Por consiguiente, aunque efectivamente la parte demandada no alegó la cosa juzgada en su escrito de contestación a la demanda, ni introdujo la cuestión en el acto de Audiencia Previa, habiéndola invocado por primera vez en el acto de juicio, estamos ante una cuestión jurídica que puede apreciarse de oficio por el propio juzgador.
En cuanto a los requisitos, aunque las pretensiones entre el presente procedimiento y el que se siguió ante el Juzgado de Primera Instancia 2 de esta ciudad no son exactamente las mismas, lo cierto es que en dicho procedimiento, en que se reclamaba la legítima de los padres del difunto, la hoy actora, allí demandada, pudo hacer valer las alegaciones que ahora efectúa en el presente procedimiento, cuestionando el caudal relicto del causante, y, en cambio, nada manifestó, ni al contestar a la demanda ni lo largo del procedimiento, al respecto de la supuesta titularidad íntegra de los saldos de las cuentas y depósitos bancarios de éste.

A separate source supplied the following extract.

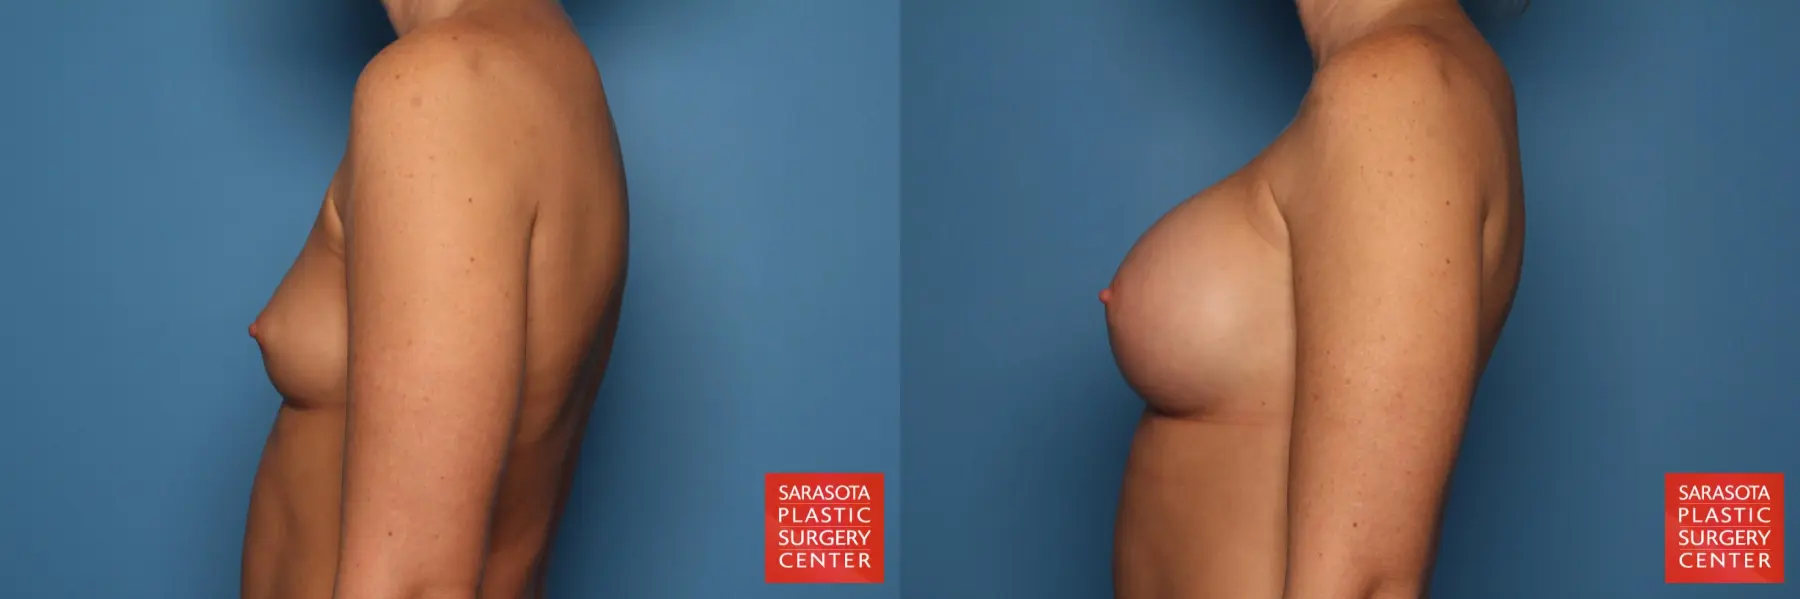 Breast Augmentation: Patient 1 - Before and After 3

Como ha establecido reiteradamente la jurisprudencia la cosa juzgada se extiende incluso a cuestiones no juzgadas, en cuanto no deducidas expresamente en el proceso, pero que resultan cubiertas igualmente por la cosa juzgada impidiendo su reproducción en ulterior proceso, cual sucede con peticiones complementarias de otra principal u otras cuestiones deducibles y no deducidas, siempre que entre ellas y el objeto principal del pleito exista un profundo enlace, pues el mantenimiento en el tiempo de la incertidumbre litigiosa, después de una demanda donde objetiva y casualmente el actor pudo hacer valer todos los pedimentos que tenía contra el demandado, quiebra de las garantías jurídicas del amenazado.

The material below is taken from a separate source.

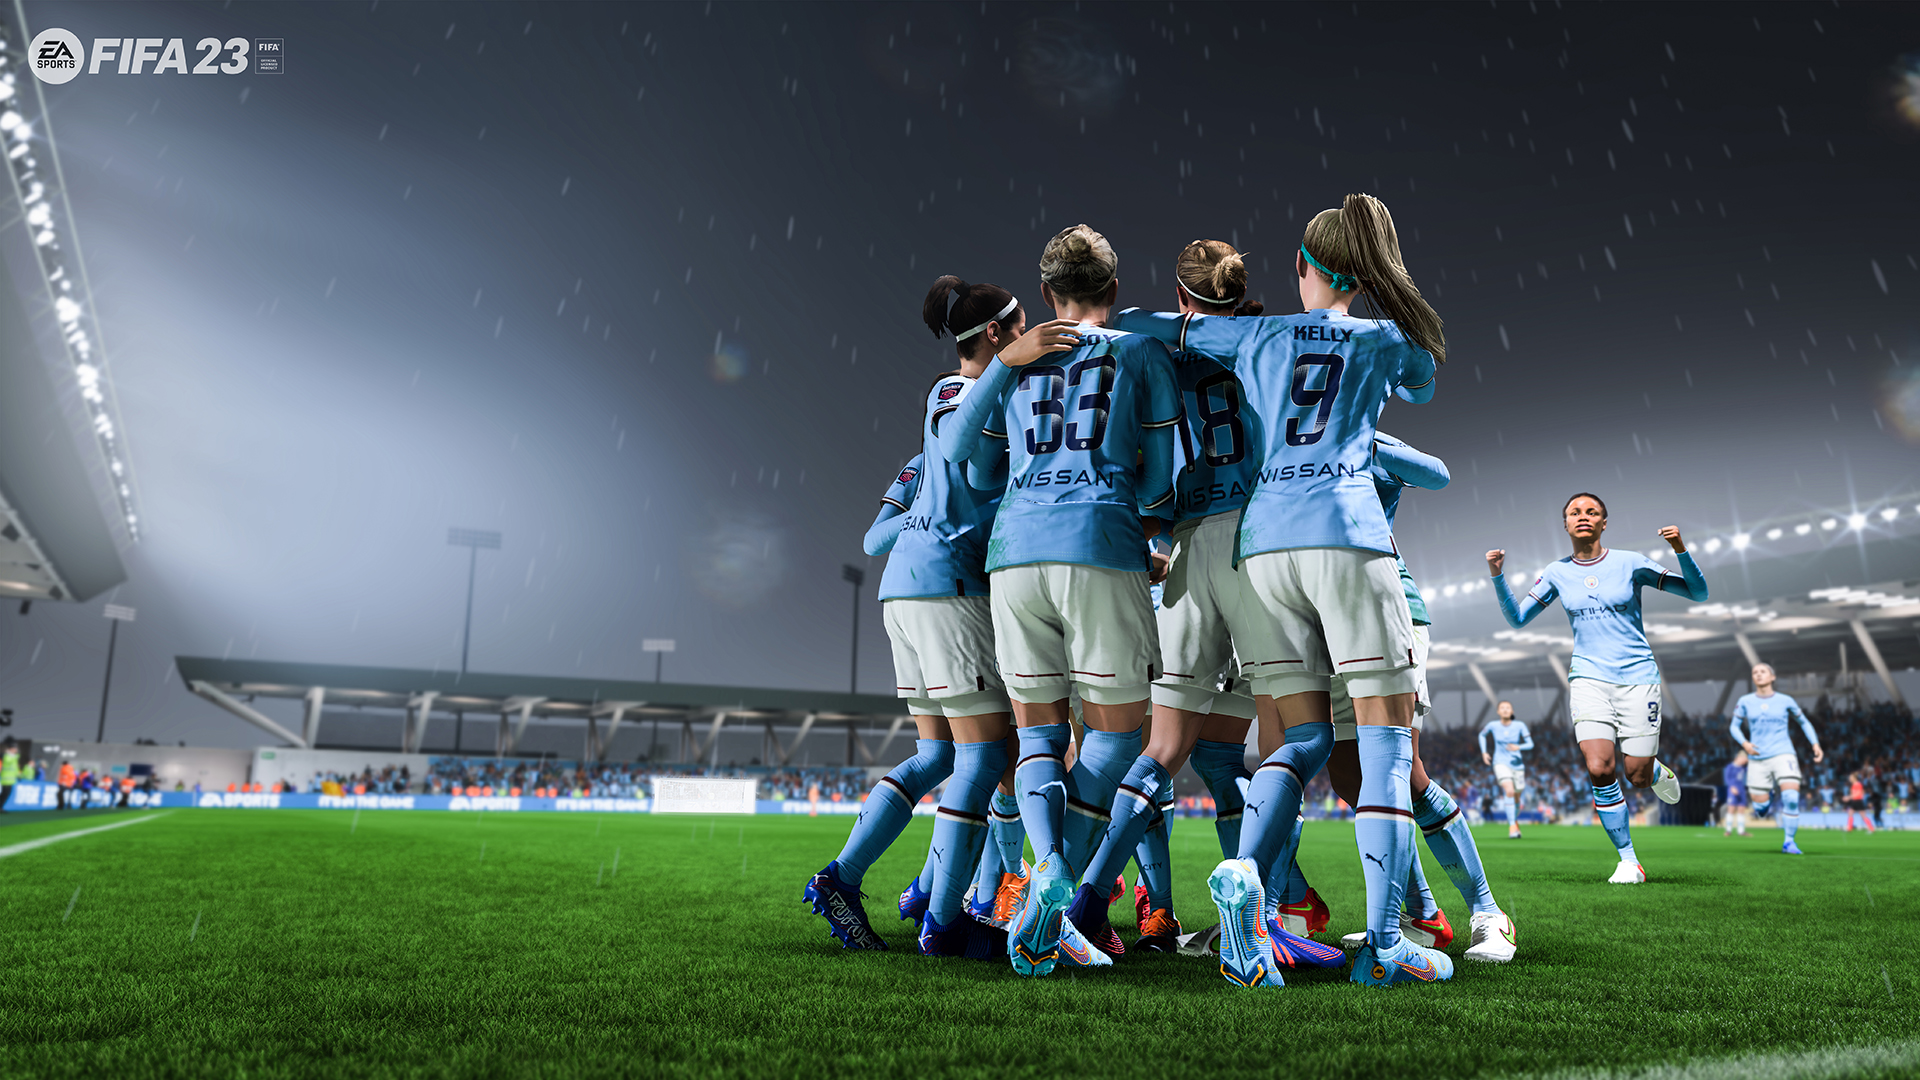 FIFA 23 Trailer, Screenshots, HyperMotion Features & More Revealed

Y no puede ampararse la apelante en el desconocimiento de los movimientos de las cuentas corrientes del difunto por cuanto desde el fallecimiento del causante (8 de febrero de 2013) hasta la aceptación de herencia (17 de junio de 2013) han transcurrido más de cuatro meses y hasta la contestación a la demanda de reclamación de legítima que se tramitó ante el Juzgado de Primera Instancia 2 de esta ciudad (4 de abril de 2014) pasó más de un año, por lo que la Sra. Magdalena tuvo tiempo suficiente para estudiar los movimientos habidos en las cuentas corrientes y recopilar la documentación que estimara pertinente y necesaria, y más teniendo en cuenta que en todo momento estuvo asesorada por letrado, tal y como puso de manifiesto en el interrogatorio practicado en el acto de juicio.
En definitiva, comparte la Sala la conclusión alcanzada por la juzgadora en cuanto a la concurrencia de cosa juzgada respecto de la Sentencia dictada en el Procedimiento de Juicio Ordinario 329/2014 seguido ante el Juzgado de Primera Instancia 2 de Lleida, finalizado por Sentencia firme.

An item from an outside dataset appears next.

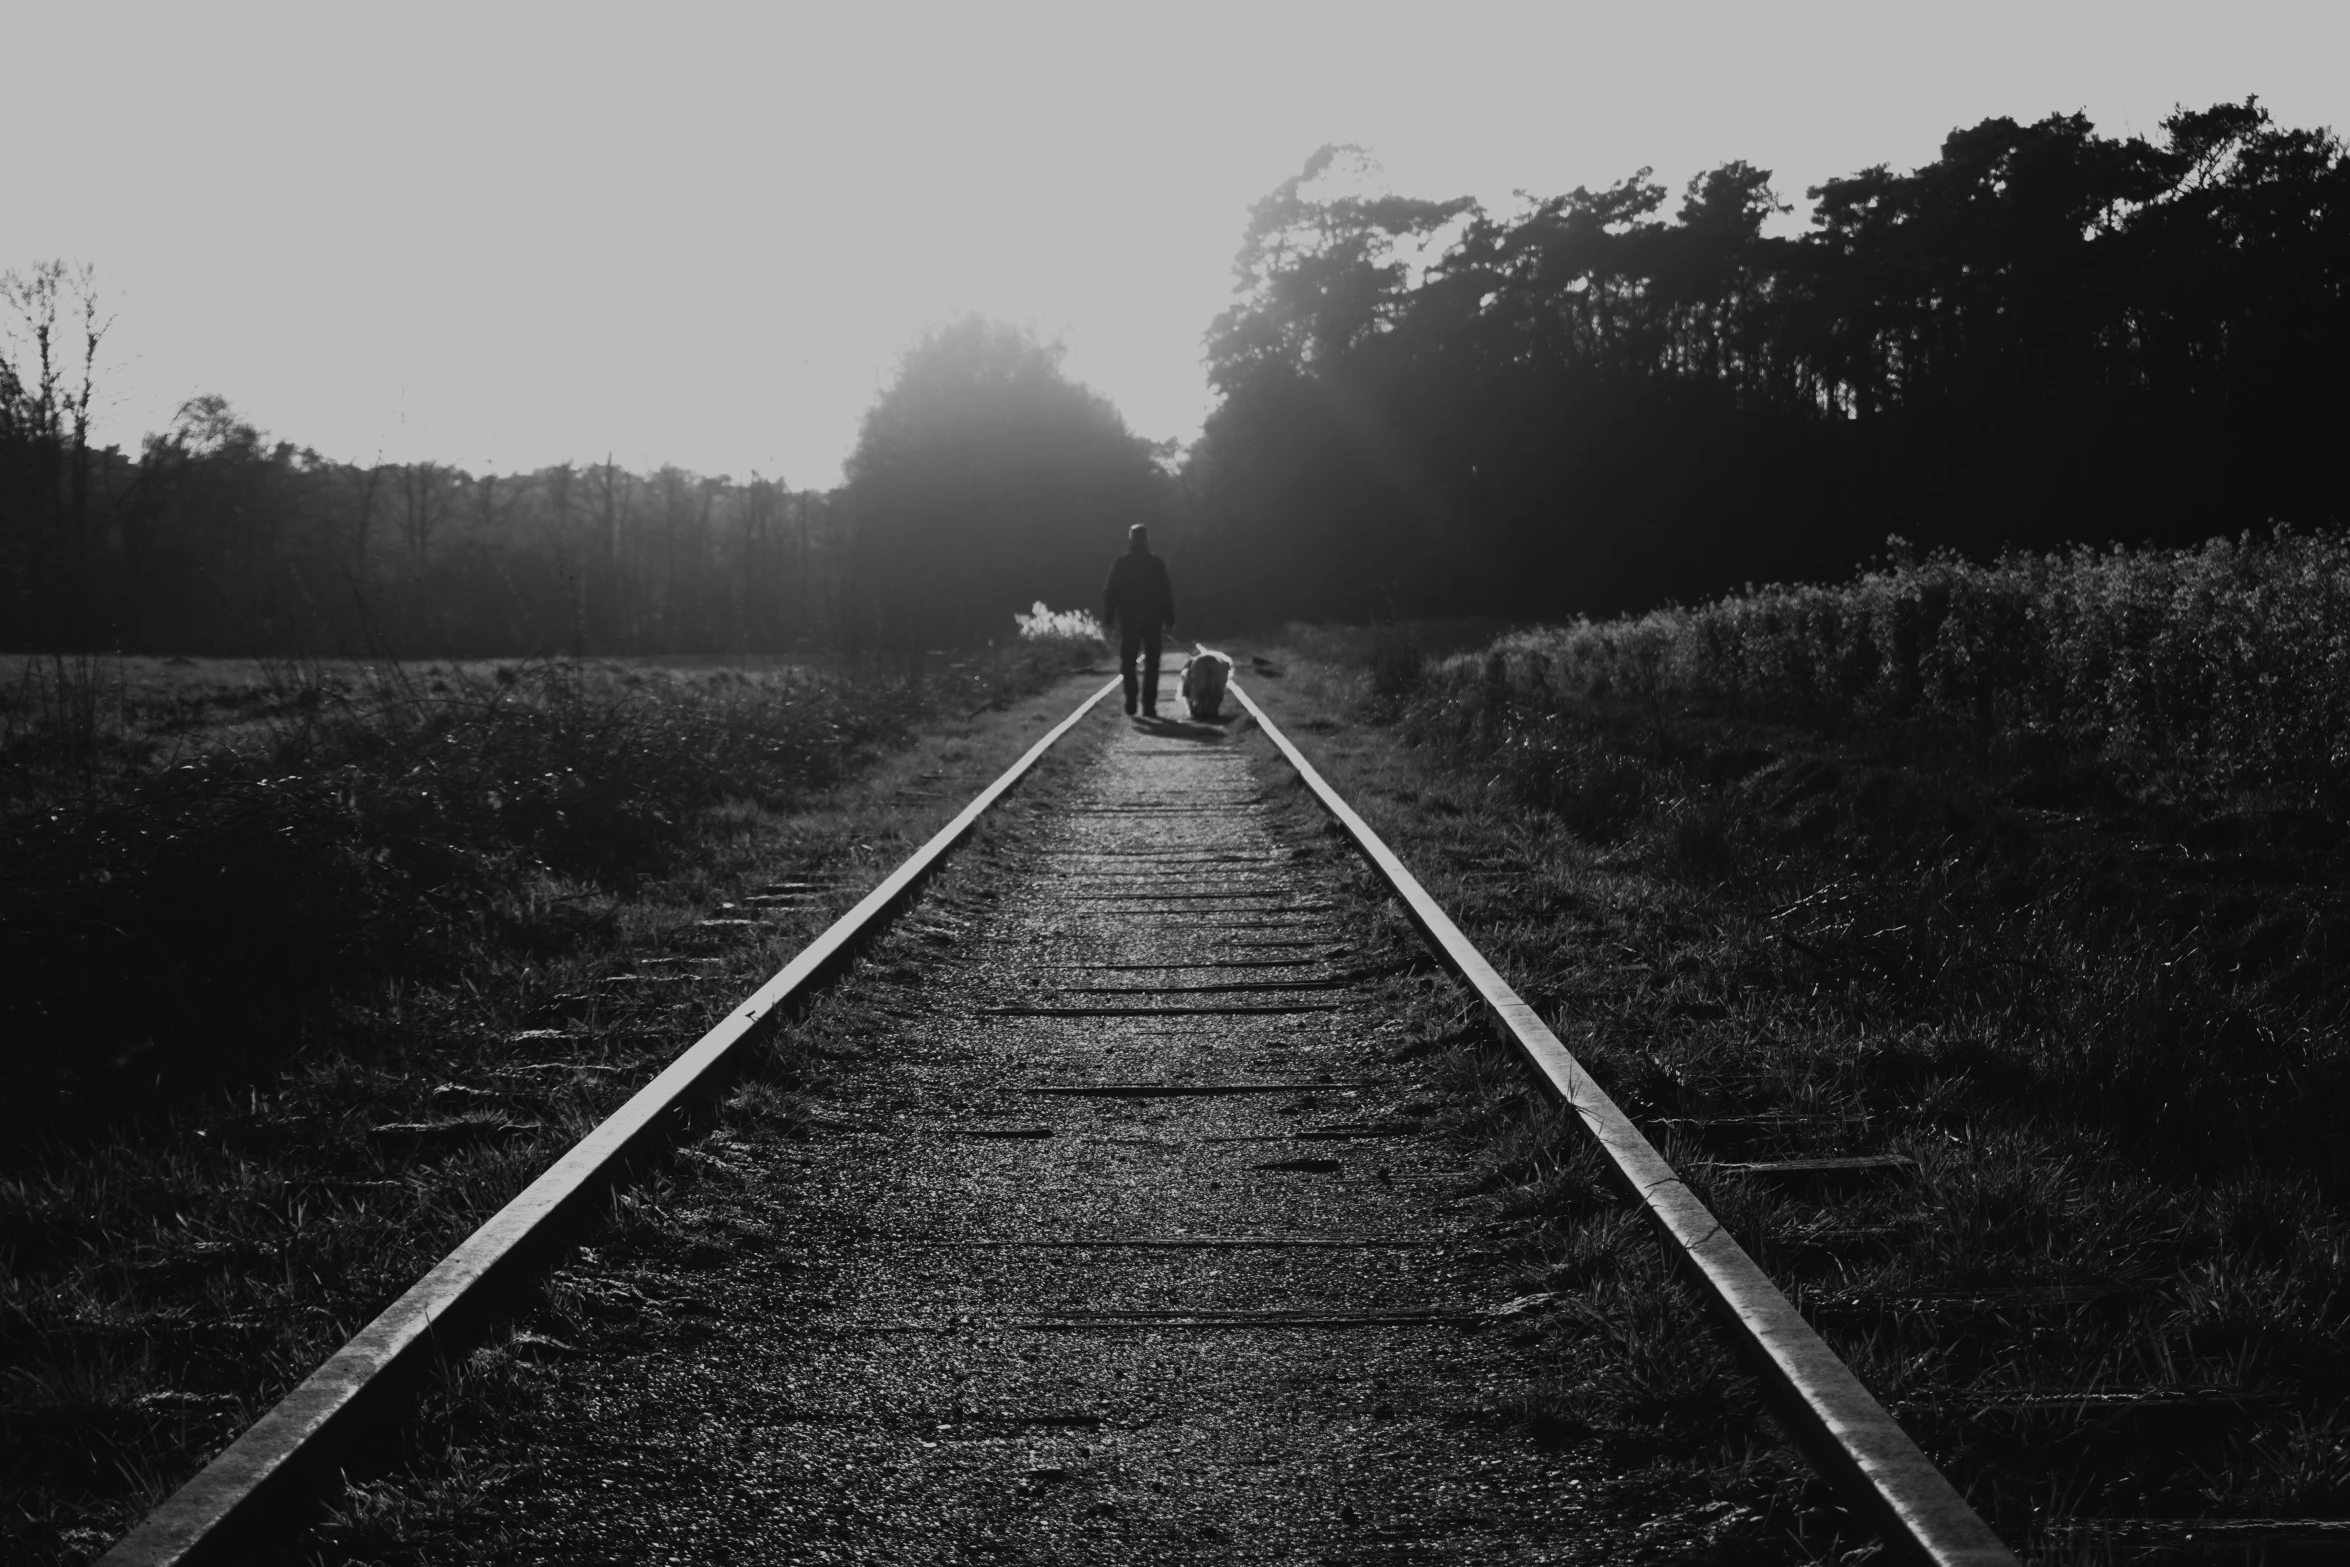 two people standing on a train track in the middle of some trees

CUARTO.-En tanto al fondo del asunto, considera la apelante en primer lugar que no es de aplicación la doctrina de los actos propiosya que en modo alguno ha sido admitido la titularidad conjunta en la escritura aceptación de herencia 17 de junio de 2013, la carta de pago de 30 de octubre de 2014, ni en el procedimiento judicial de 2014, eludiéndose de forma flagrante una vez más la existencia de las dos cartas en los años consecutivos, en las que de forma explícita se hace reclamación de los referidos saldos, que constituye prueba incuestionable de la no renuncia a los mismos.
Las alegaciones de la recurrente evidencian que la cuestión planteada en esta alzada estriba en verificar si la juzgadora ha aplicado correctamente la doctrina de los actos propios. La Sala, compartiendo el criterio mantenido por la juez a quo, considera que existen una serie de circunstancias que permiten aplicar a este supuesto la doctrina de los actos propios.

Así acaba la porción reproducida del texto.